Staying the Course
US
USD retraced most of Monday’s big gains as easing US inflation in April lowers the bar for the Fed to cut rates again. However, the US CPI data has yet to capture the looming inflation risks from higher tariffs. The US average effective tariff rate is estimated to have increased from roughly 2% to 18% as of May 12, the highest since 1934. And, a Dallas Fed survey of Texas business executives found that 55% of respondents expect to pass through most or all of the costs from higher tariffs to customers.
As such, the Fed is unlikely to shift away anytime soon from its no hurry to resume easing script. The Fed’s cautions guidance offers USD some near-term support. Nonetheless, the fundamental backdrop remains difficult for USD for three reasons: (i) the Trump administration implicitly supports a weaker dollar, (ii) the US economy faces stagflation risk, and (iii) US policy credibility has been undermined by the trade war.

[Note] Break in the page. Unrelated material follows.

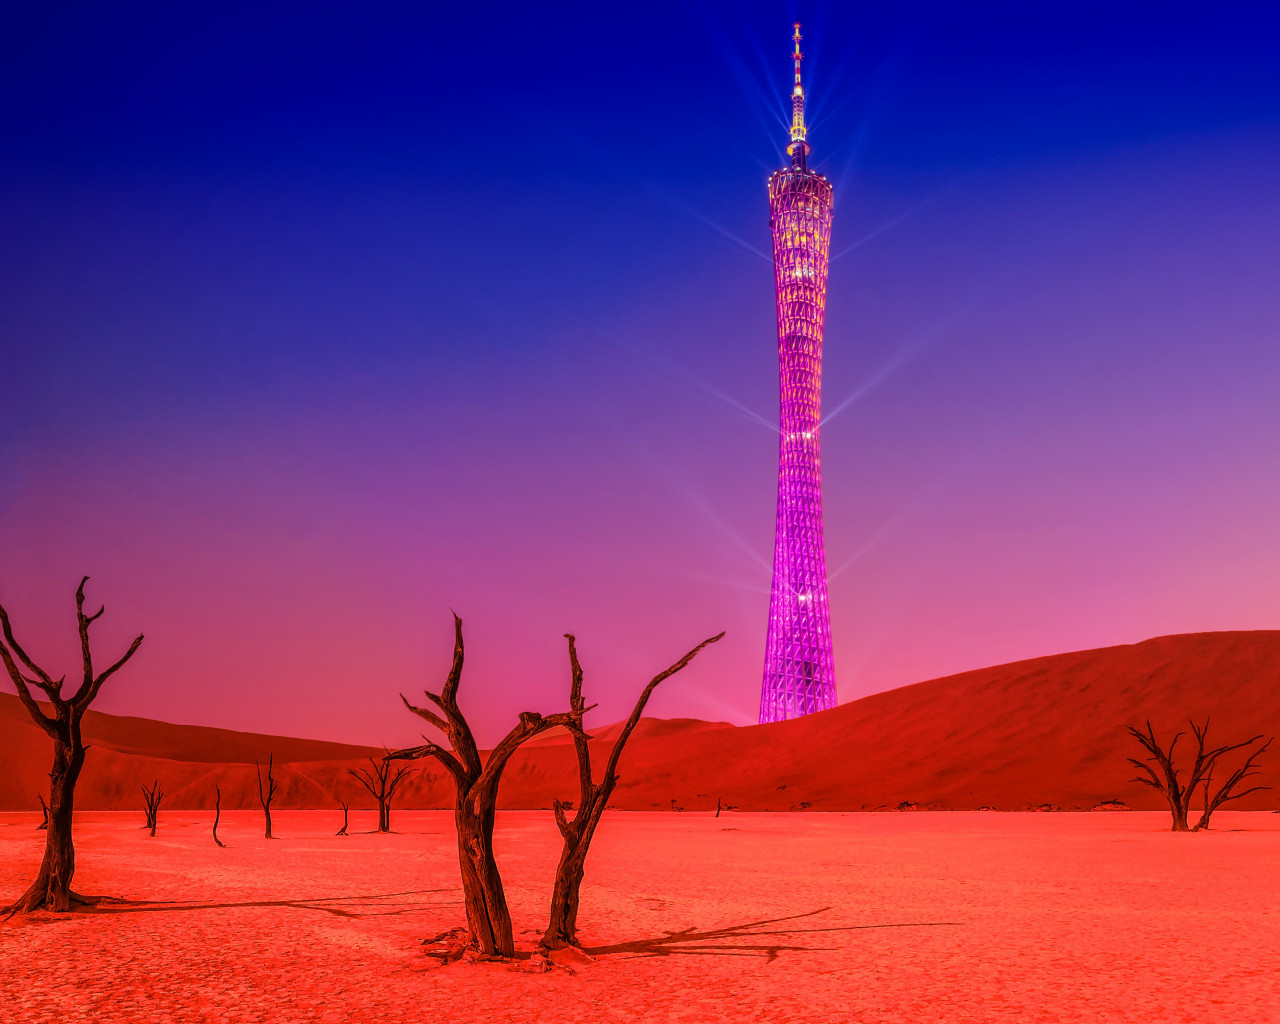 Wieża widziana z pustyni

Fed speakers today: Governor Christopher Waller (10:15am London), Vice Chair Philip Jefferson (2:10pm London), San Francisco Fed President Mary Daly (non-voter) (10:40pm London), and Chicago Fed President Austan Goolsbee (FOMC voter).
SWEDEN
SEK is trading in a tight range versus USD and EUR. SEK will likely ignore the Riksbank’s minutes from the May 8 policy meeting (8:30am London). At that meeting, the Riksbank kept rates steady at 2.25%, as expected. However, it was a dovish hold as the bank warned that more easing may be in the pipeline after signaling in March that it was done easing. Specifically, the Riksbank stressed that “it is somewhat more probable that inflation will be lower than that it will be higher than in the March forecast. This could suggest a slight easing of monetary policy going forward.” The swaps market is pricing in 25bps of easing over the next 12 months.
AUSTRALIA
AUD/USD is consolidating just above its 200-day moving average at 0.6456. Australia wage growth was firmer than anticipated in Q1. The Wage Price Index (WPI) rose 0.9% q/q (consensus: 0.8%) vs. 0.7% in Q4. Annually, WPI unexpectedly increased 3.4% (consensus: 3.2%) vs. 3.2% in Q4 driven by higher public sector wage growth. Public sector wage growth rose 3.6% y/y vs. 2.9% in Q4 reflecting new state-based enterprise agreements. Private sector wage growth printed at 3.3% y/y in Q1, same as in Q4. RBA cash rate futures continue to fully price-in a 25bps cut to 3.85% at the May 20 RBA policy meeting.